Lilley’s name appears at reports of Hull City’s early AGMs – being thanked for the medical services provided to injured players at the club (AGM July 1906), and is also recorded as making his own contributions to proceedings (EAGM February 1906) as he comments on the club’s finances.

He is mentioned in newspaper articles in his role as club physician as he supervises treatment and cures for injured players.

A Hull Daily Mail article from January 1905 reports that “Wilkinson, the plucky little left wing man, will not turn out tomorrow, Dr Lilley having thought that the muscle injury to his leg would be all the better for another week’s nursing.”

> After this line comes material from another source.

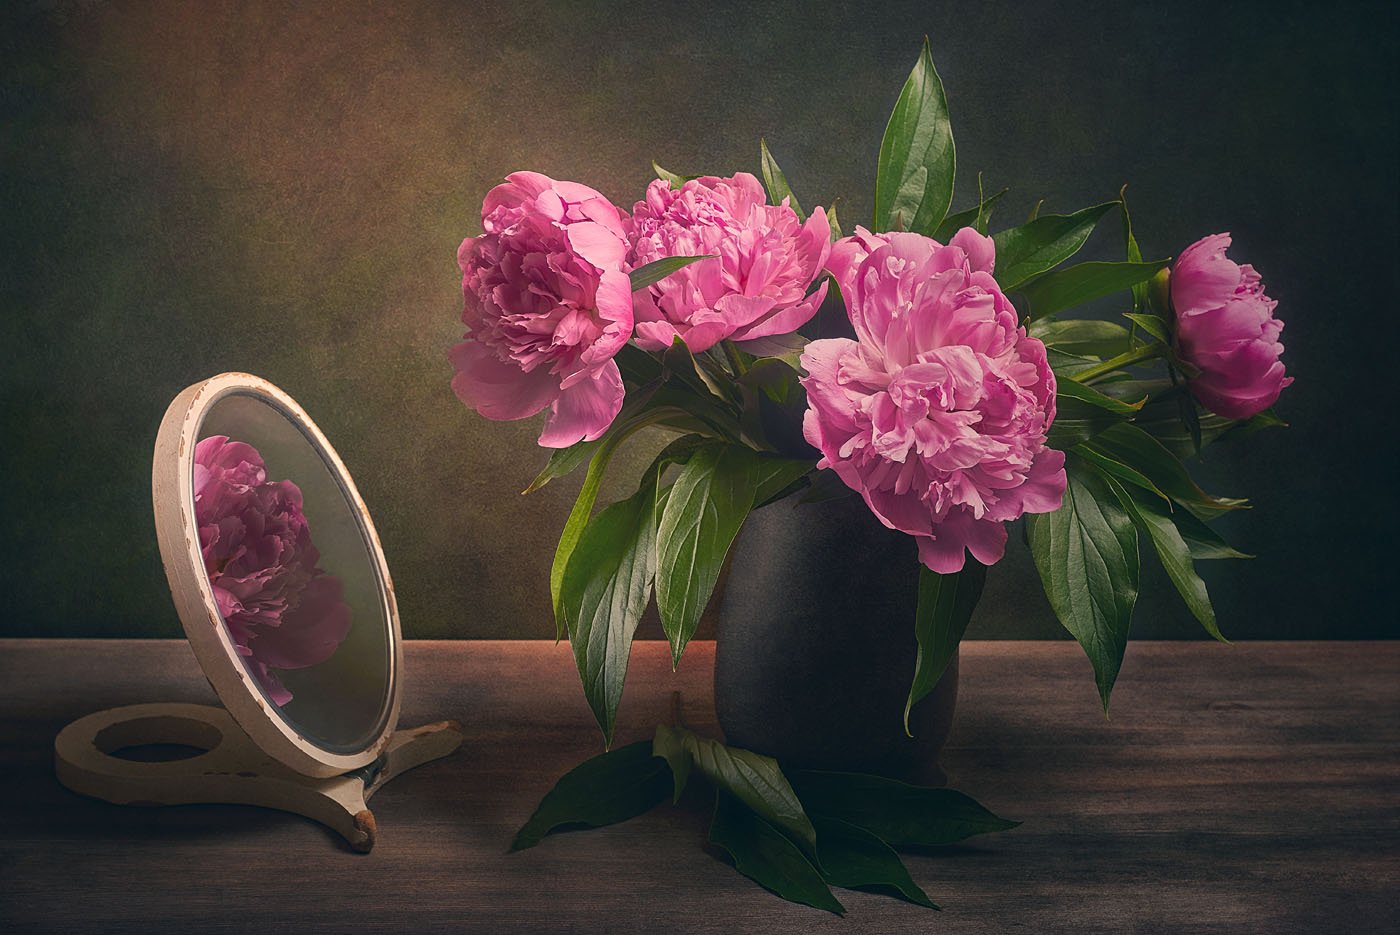 пионы, пион, цветы, букет, ваза, зеркало, отражение, стол, Игорь Токарев
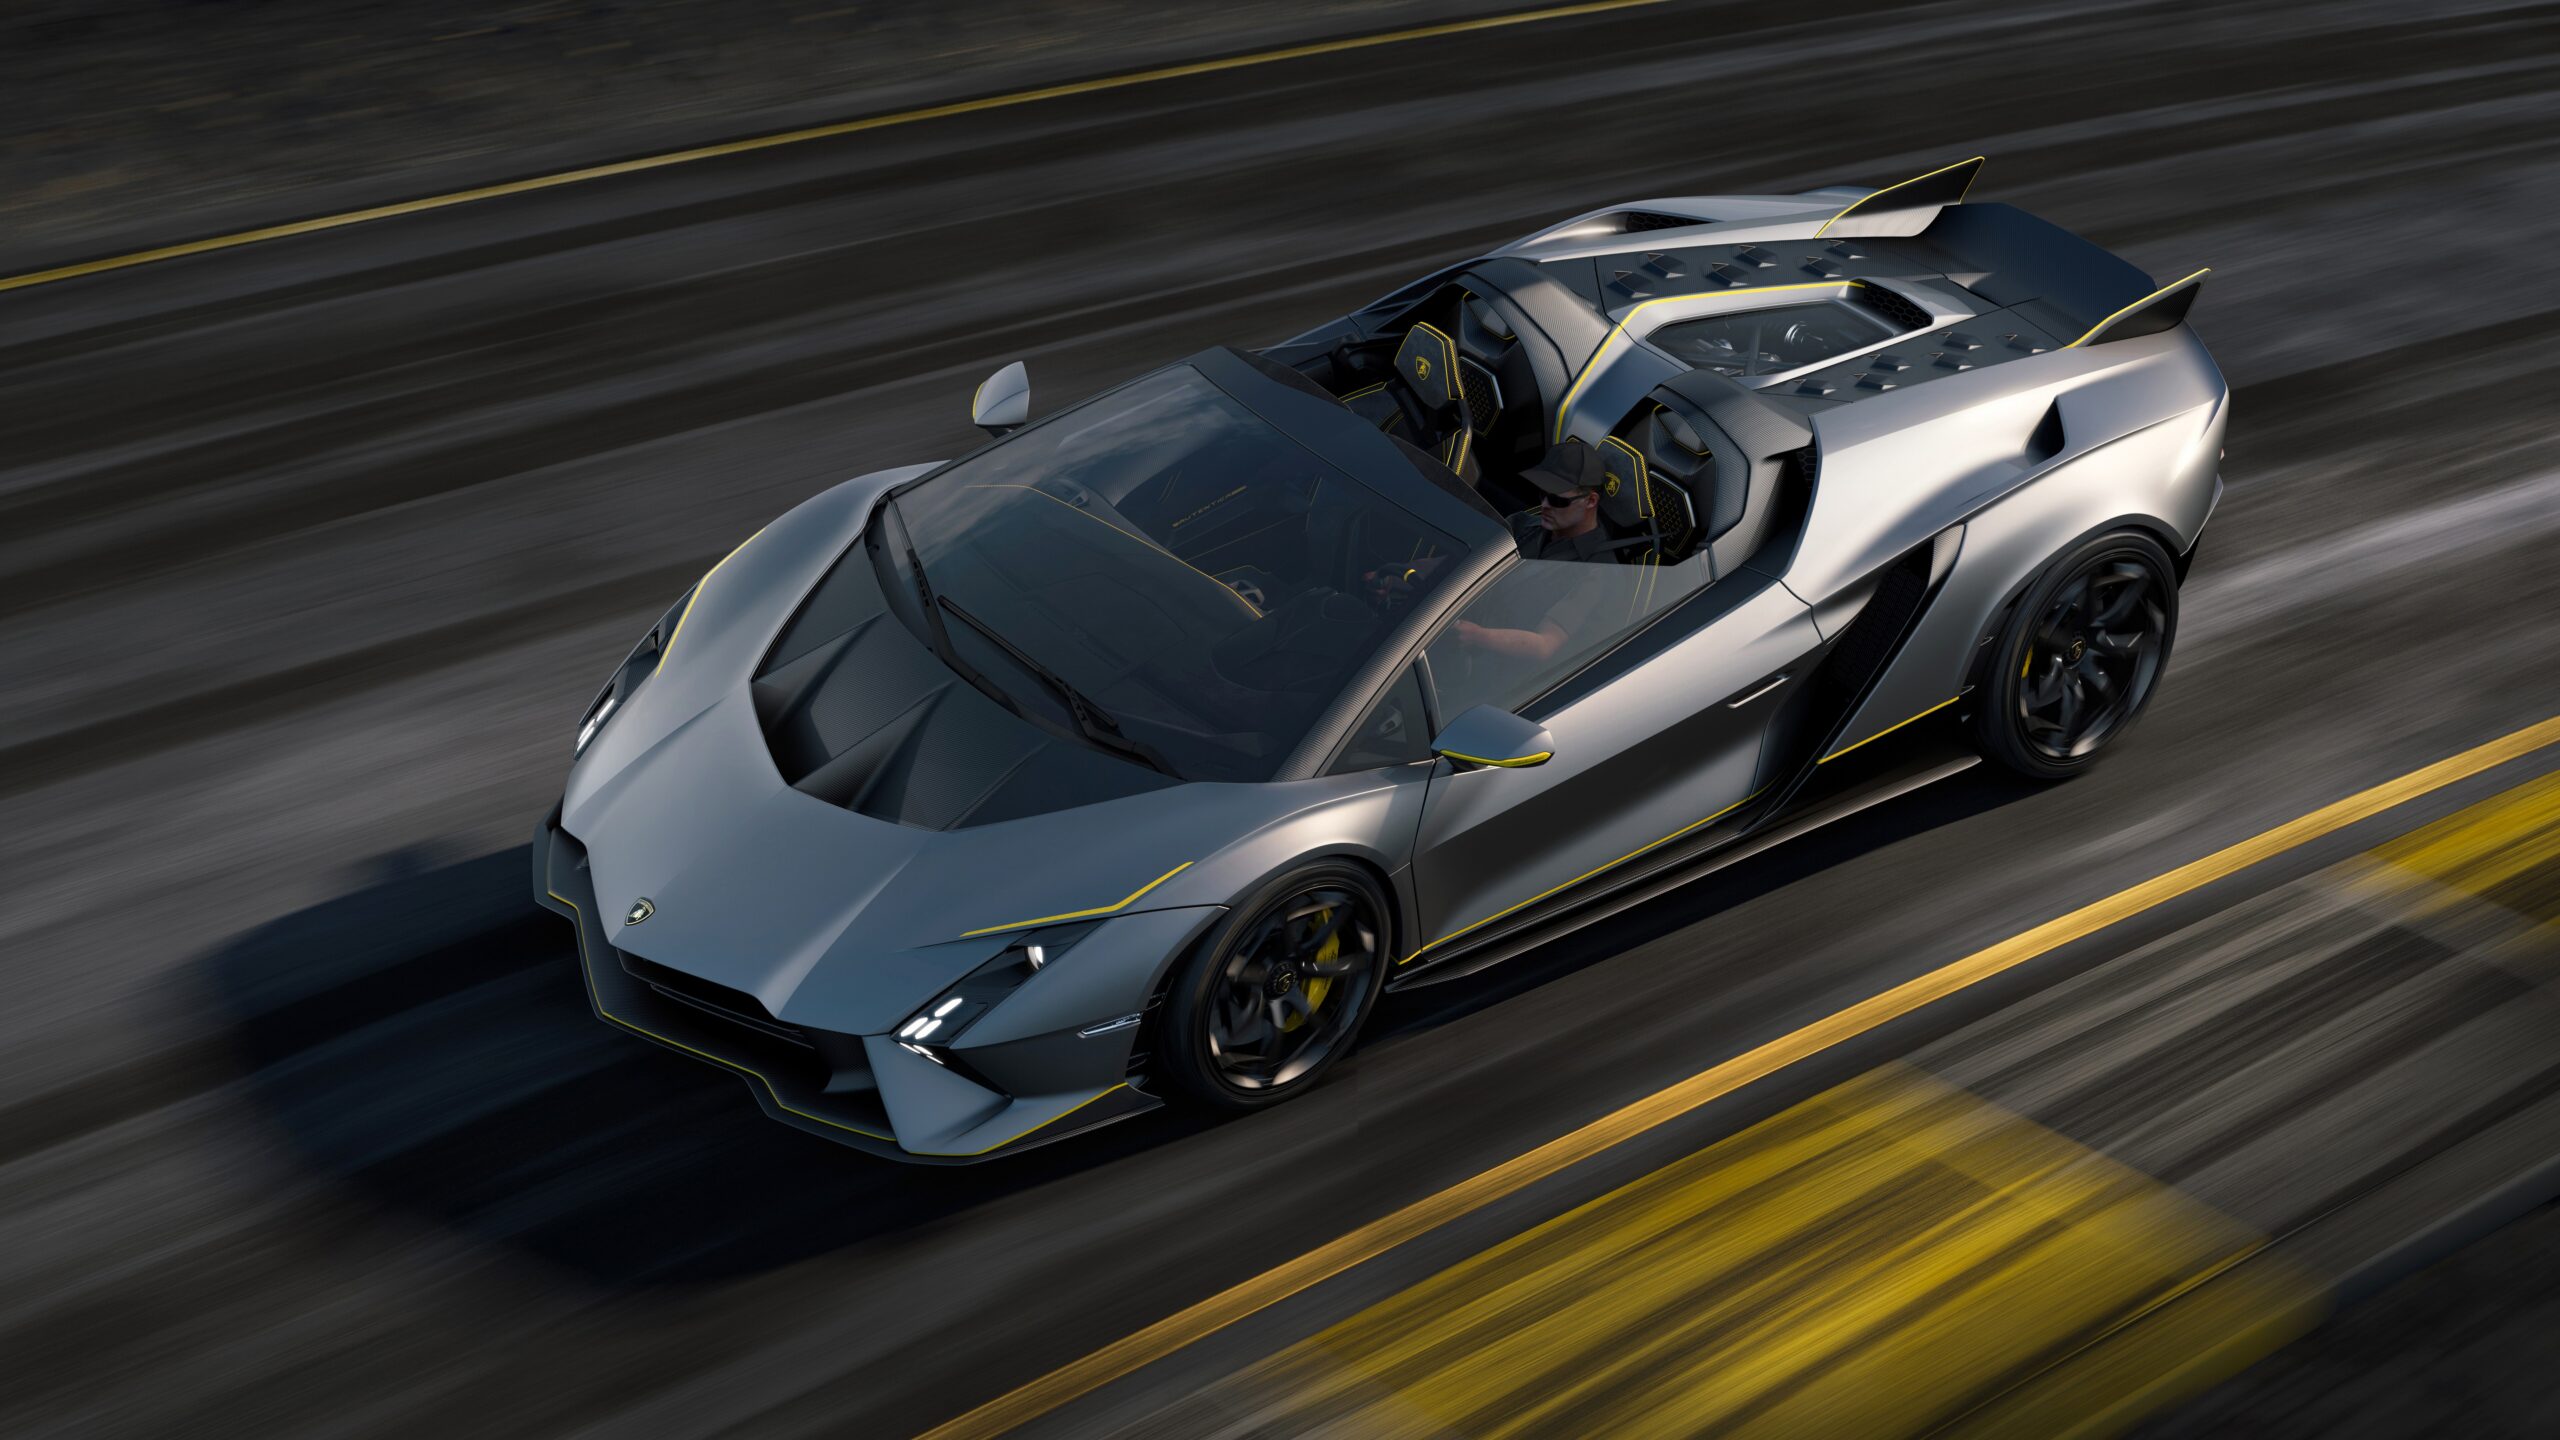 Lamborghini rinde homenaje a su célebre V12 de aspiración natural con el coupé Invencible y el roadster Autentica

The following year his name appears in his role as medical supervisor:

“Ever since Rushton was taken home after the Chelsea match he has been confined to bed unable to move his leg, which I am glad to say is showing signs of improvement under Dr Lilley” Hull Daily Mail Feb26, 1906

Perhaps the best illustration of his role at the club comes against Woolwich Arsenal in the FA Cup 1st round replay in January 1908, which saw the club win handsomely 4-1 amid scenes of great enthusiasm. Local reporting of the game was exhaustive and Lilley’s name appears three times as every incident on the day is captured by journalists.

In the first half “Hedley who had been a passenger since his mishap, left the field, and Dr Lilley was called off the stand to attend to him.”

Towards the end of the game “Shortly afterwards the game was stopped for some minutes owing to Martin being injured, and Dr. Lilley was again called from the stand. The crowd shouted for the doctor to run, but he shook a finger at the spectators and started, when one of his galoshes dropped off. Then the crowd laughed.”

In a small article after the match report entitled ‘Comments’ the following item was detailed, ‘A singular incident occurred during the game , one of the spectators being injured. In climbing over a fence he dislocated his ankle, but Dr Lilley reduced the swelling, and sent him home in a cab.’

Lilley’s name appears among the sixteen founders of Hull City but his inclusion differs from the two main groupings – the original Hull City faction from the Beverley Road/ Newland Avenue area (Hay, Andrews, Levitt , Frost and Crompton) and the ERFA men (Bielby and Spring). The former focused on building a club for themselves that would represent the city and challenge at a high a level as possible, the latter concentrated more on establishing the playing of the game in Hull and the East Riding. Lilley was a sympathiser and helped both in their respective aims with money and patronage.

However, his many and occasionally conflicting loyalties were to provide complications as the club strived to grow and overcome its early battles with landlords and vested sporting interests elsewhere. In particular, his connections to George Kennington, an ambitious East Hull builder and local Conservative councillor led to his controversial election to the Hull City board in February 1906- the club’s first season in the Football League- as the new director came up against some of the younger original founders of Hull City. By assisting a friend and colleague onto the board, Lilley would unwittingly drive a wedge between some represented on it, who felt Kennington had no footballing cv to back up his candidature. Their assumption (correct or not)was that Lilley had canvassed the shareholders and extolled Kennington’s virtues to the detriment of the younger candidates who had actually formed the club,

Lilley’s death some 20 years later saw a funeral cortege which consisted of 20 coaches , ‘including two laden with choice floral tributes. Both to and from the church it passed through crowded streets and many were the touching incidents. It was a respectful demonstration of the fact that Dr Lilley was held in esteem and affection, and by none more than those among whom he had carried on his professional duties.’

The legacy of his involvement with Hull City was less clear-cut, however.